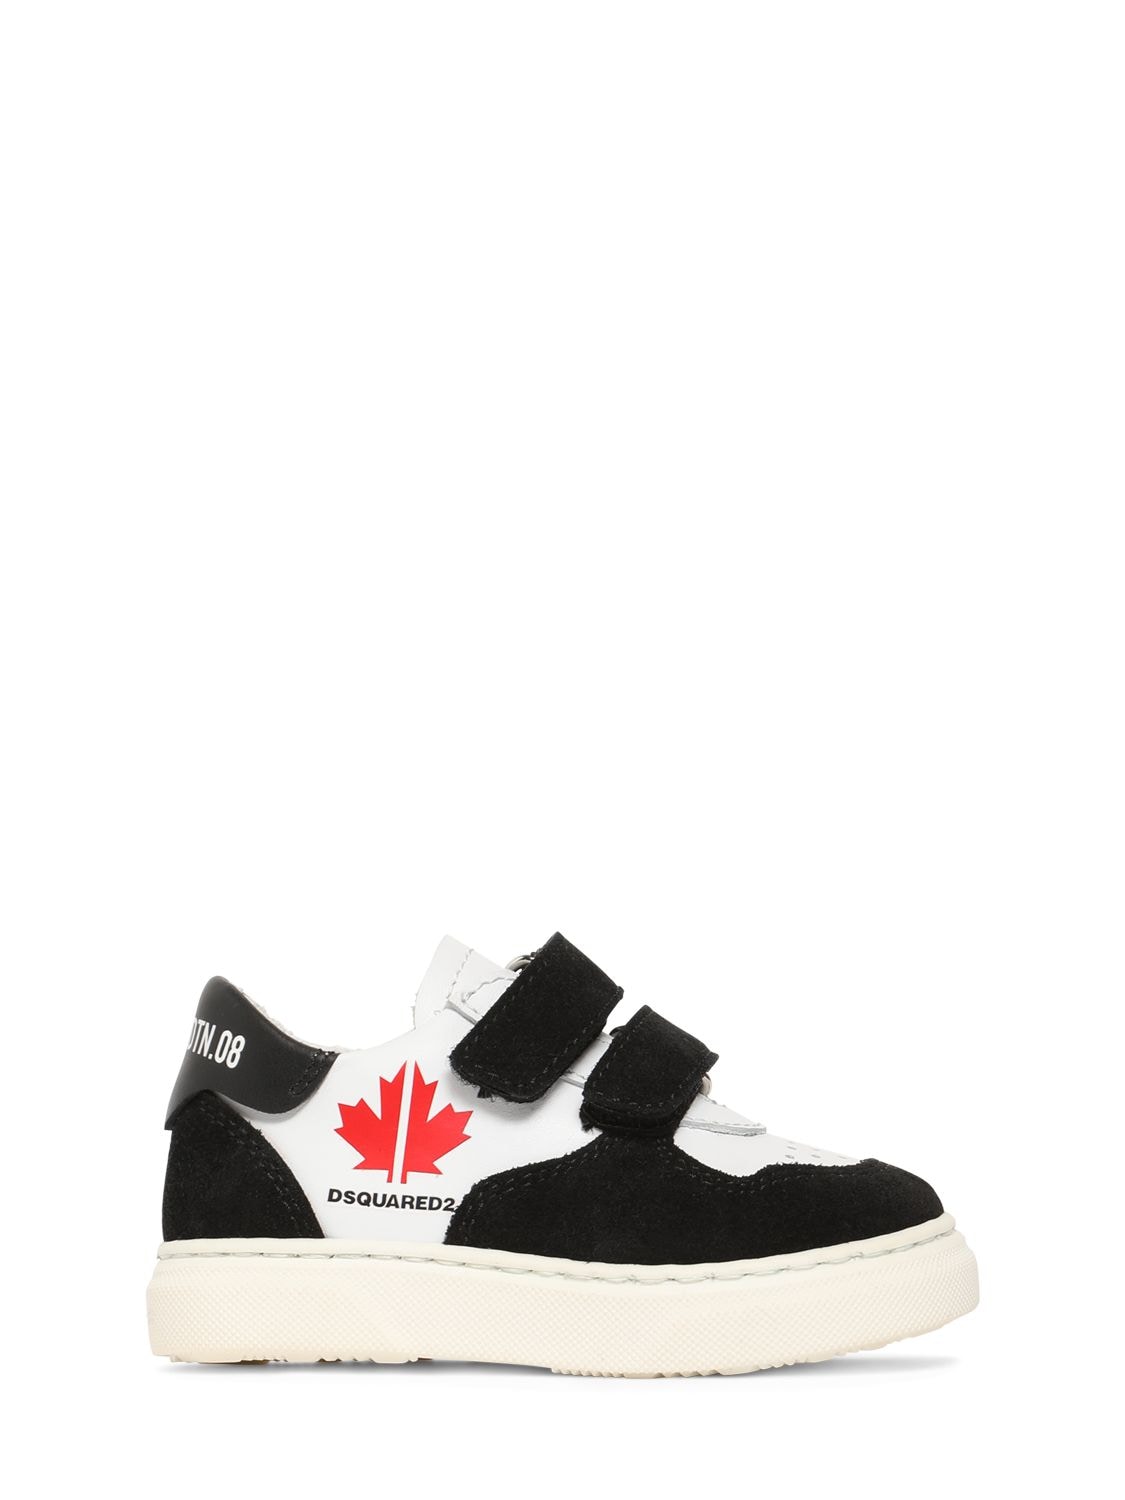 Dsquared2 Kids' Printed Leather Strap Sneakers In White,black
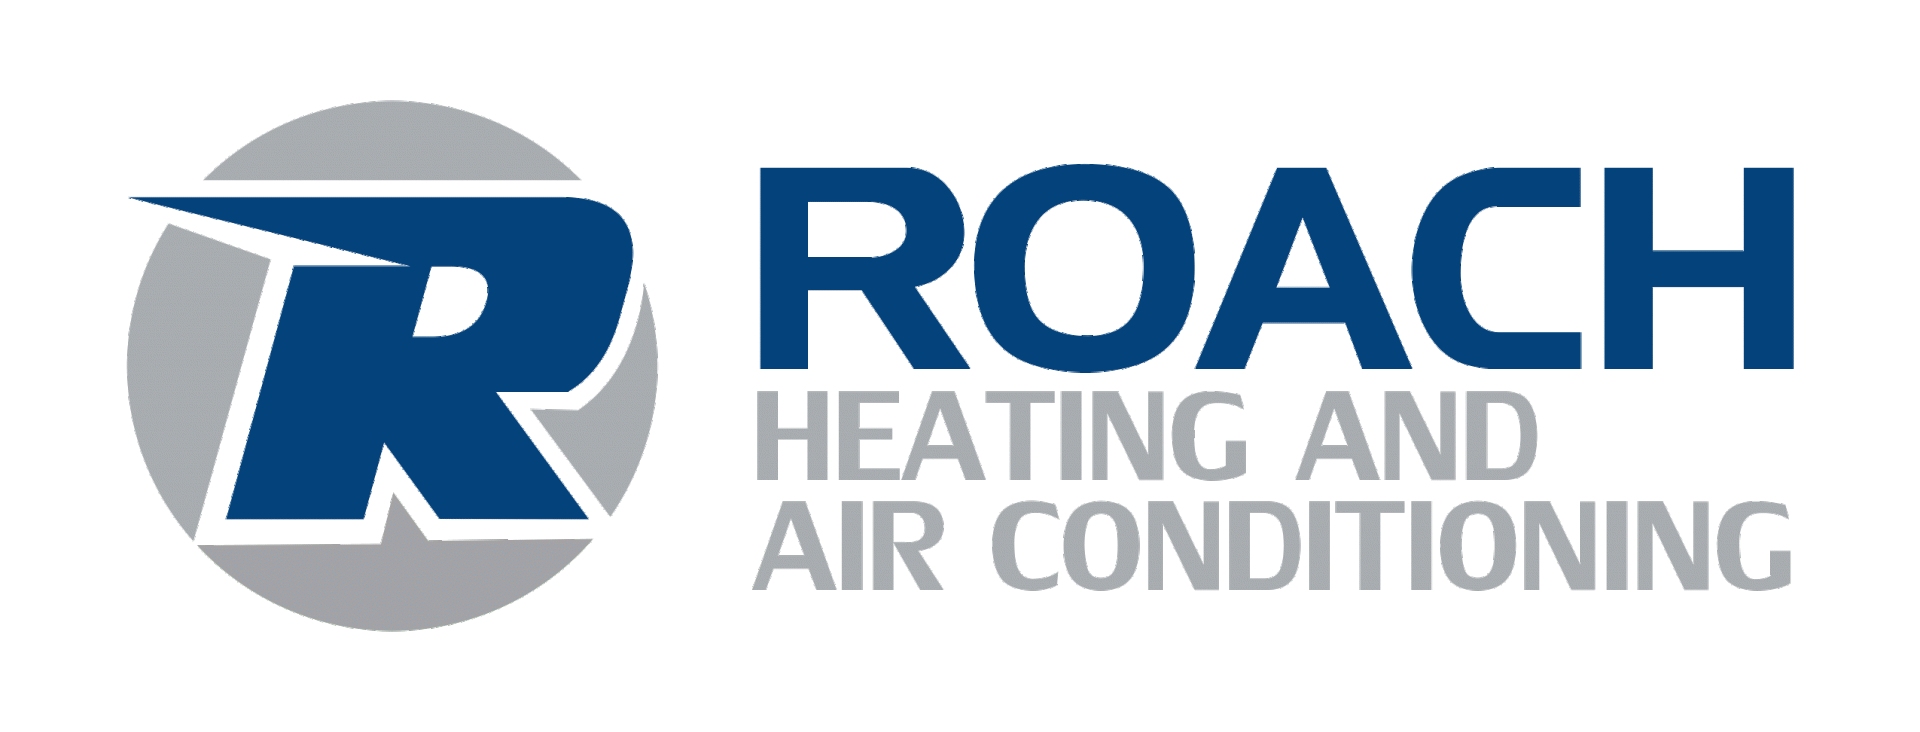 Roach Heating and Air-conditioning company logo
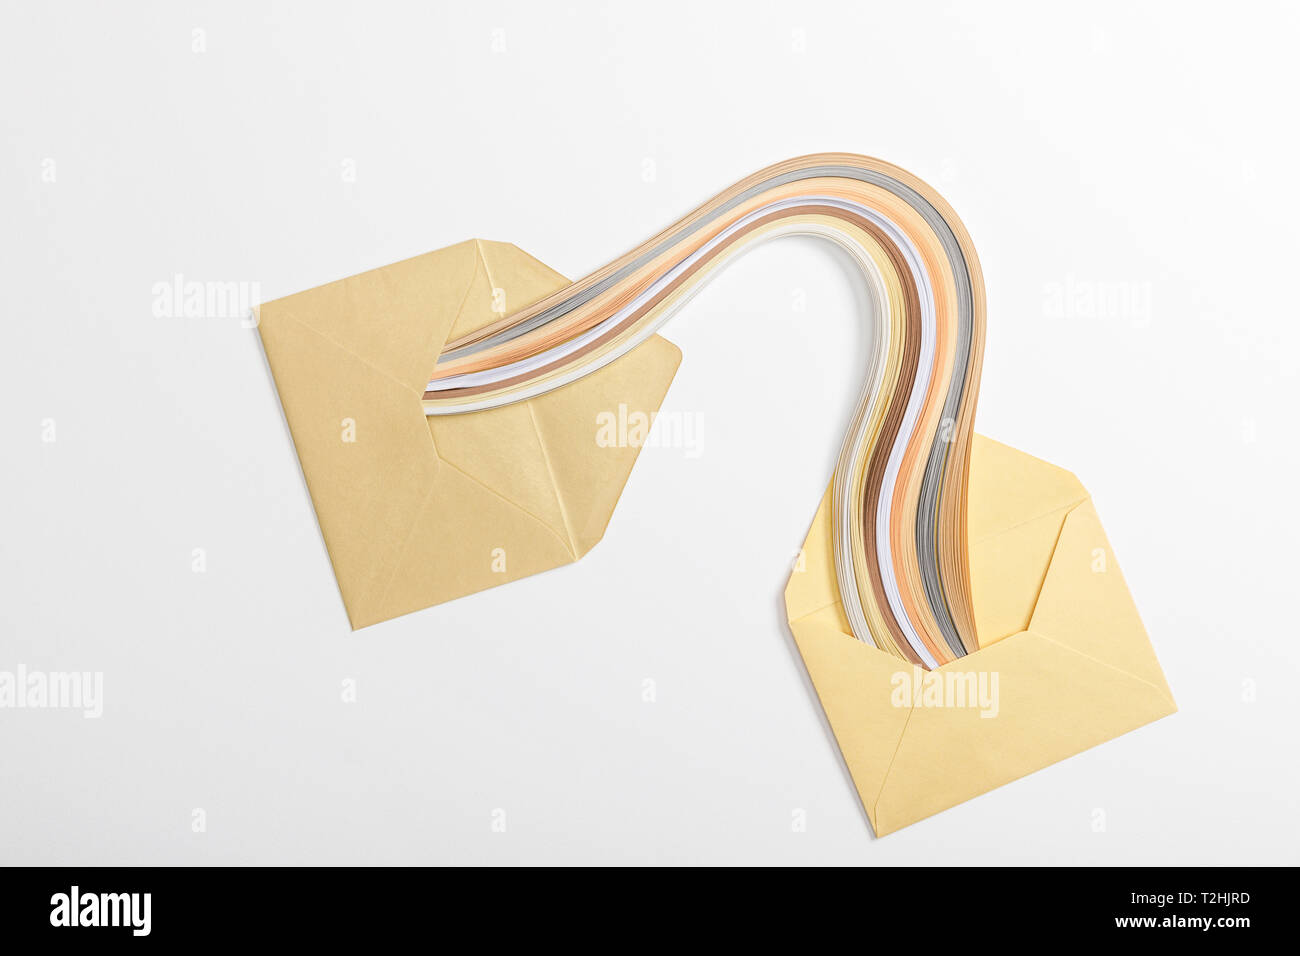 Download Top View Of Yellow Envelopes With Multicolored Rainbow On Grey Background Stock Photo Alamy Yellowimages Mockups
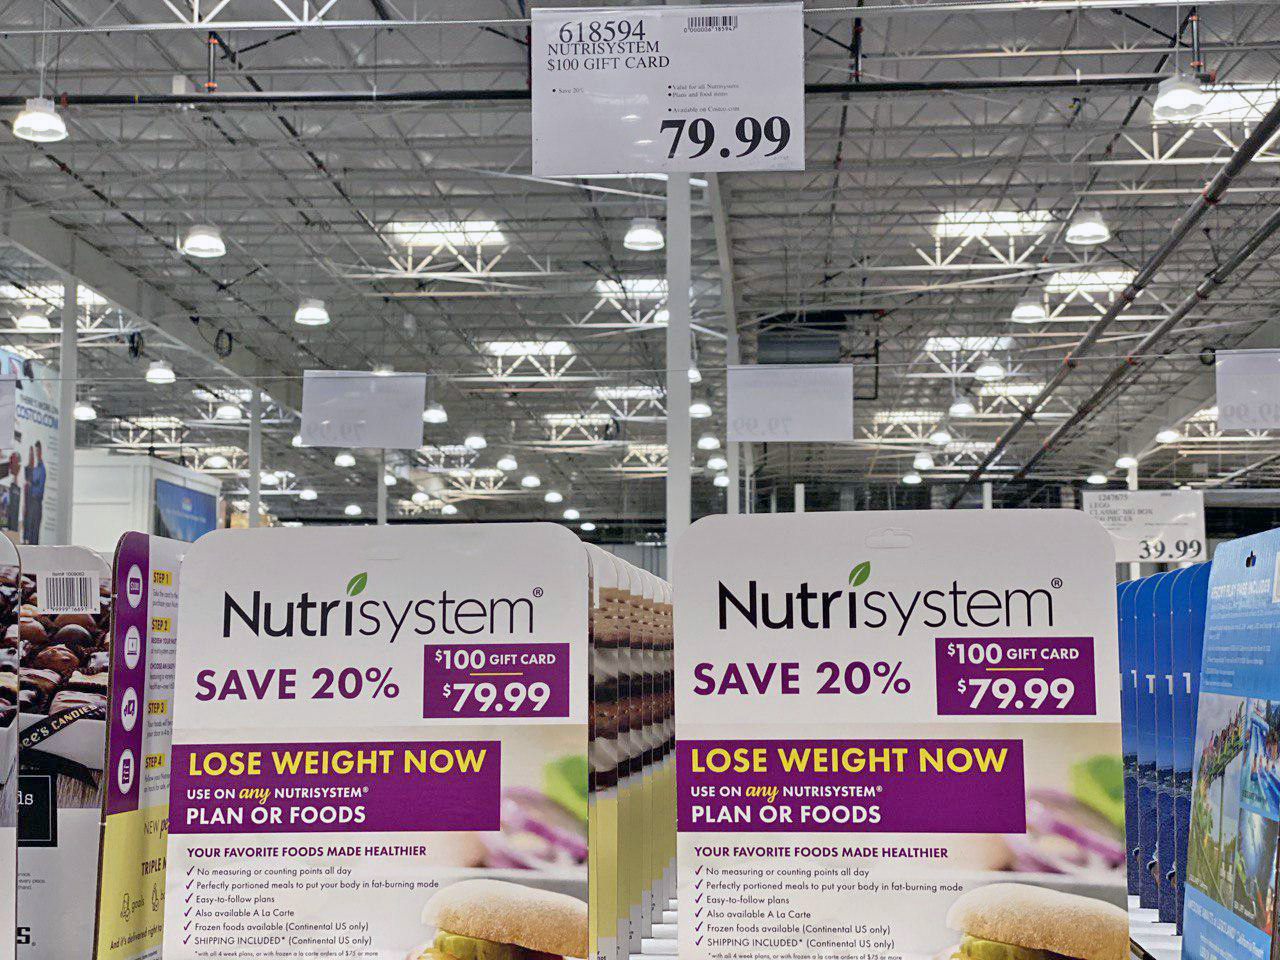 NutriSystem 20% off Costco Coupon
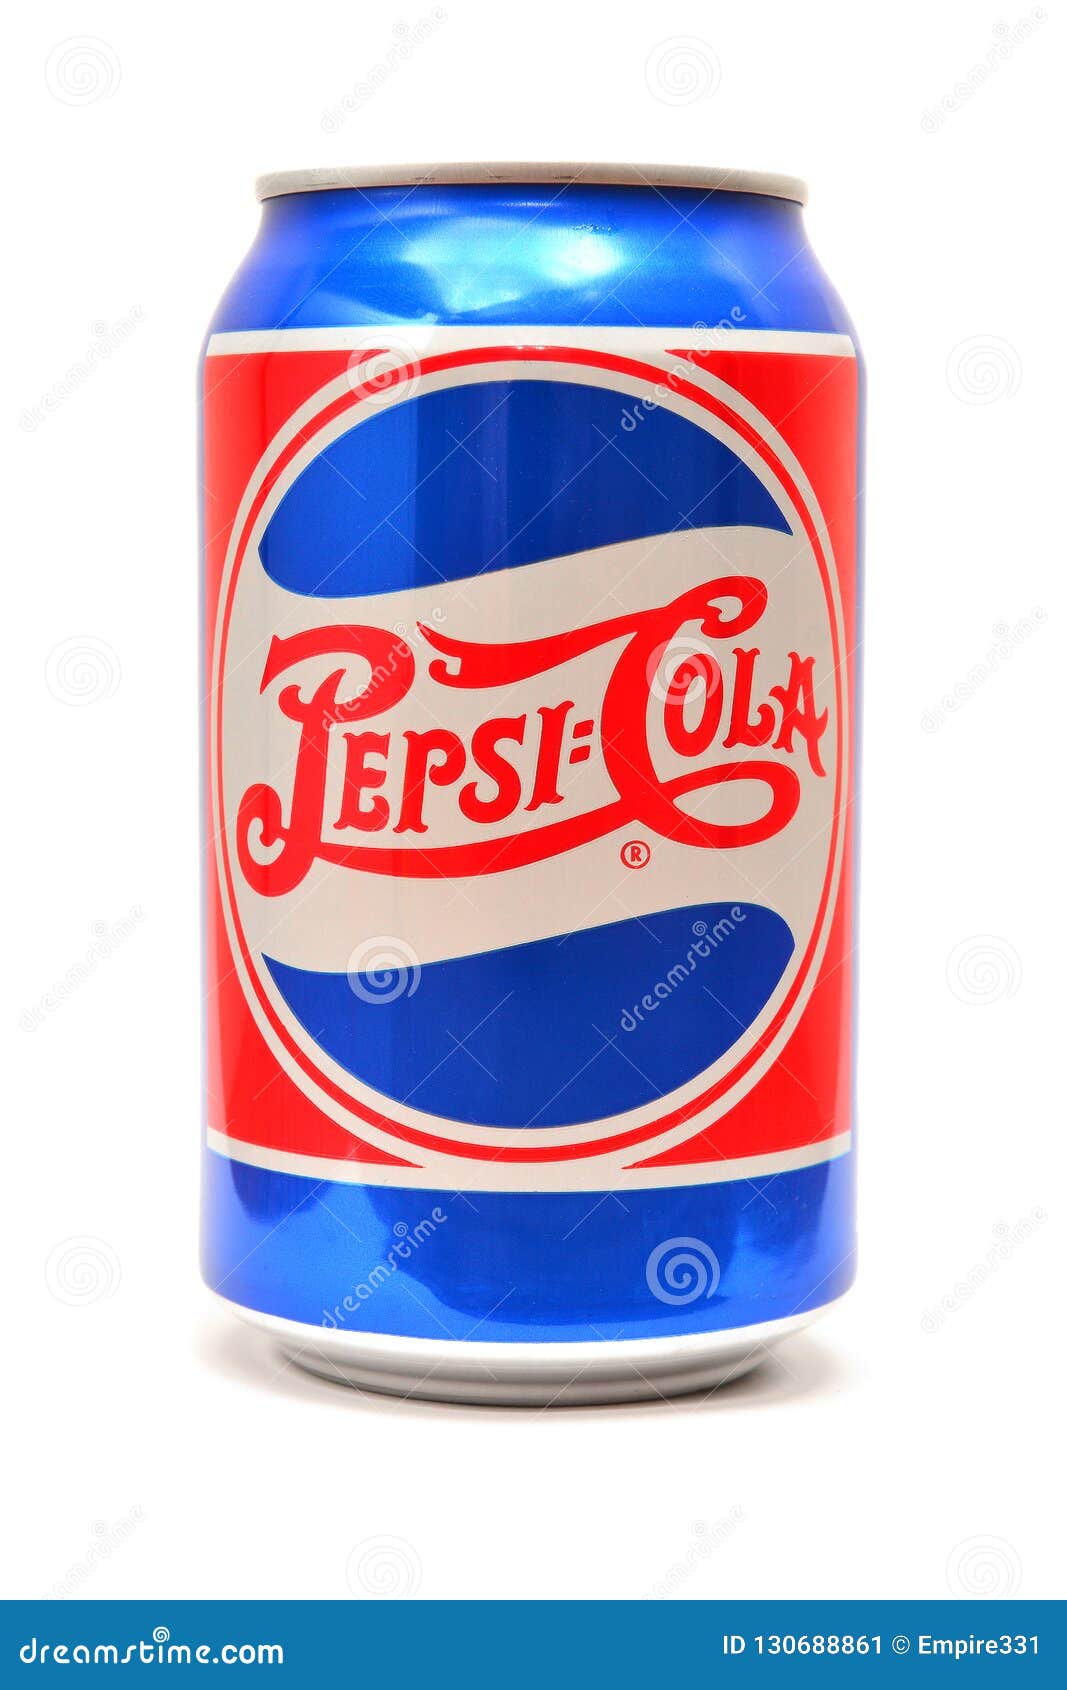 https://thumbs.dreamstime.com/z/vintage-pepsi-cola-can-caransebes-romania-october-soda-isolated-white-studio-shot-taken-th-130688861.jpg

Problem statement> Your reply should repeat the entries above exactly, leaving the pictures out.

Answer box>
 Dsquared2 Kids' Printed Leather Strap Sneakers In White,black
 Roach Heating and Air-conditioning company logo
 Download Top View Of Yellow Envelopes With Multicolored Rainbow On Grey Background Stock Photo Alamy Yellowimages Mockups
 NutriSystem 20% off Costco Coupon
 https://thumbs.dreamstime.com/z/vintage-pepsi-cola-can-caransebes-romania-october-soda-isolated-white-studio-shot-taken-th-130688861.jpg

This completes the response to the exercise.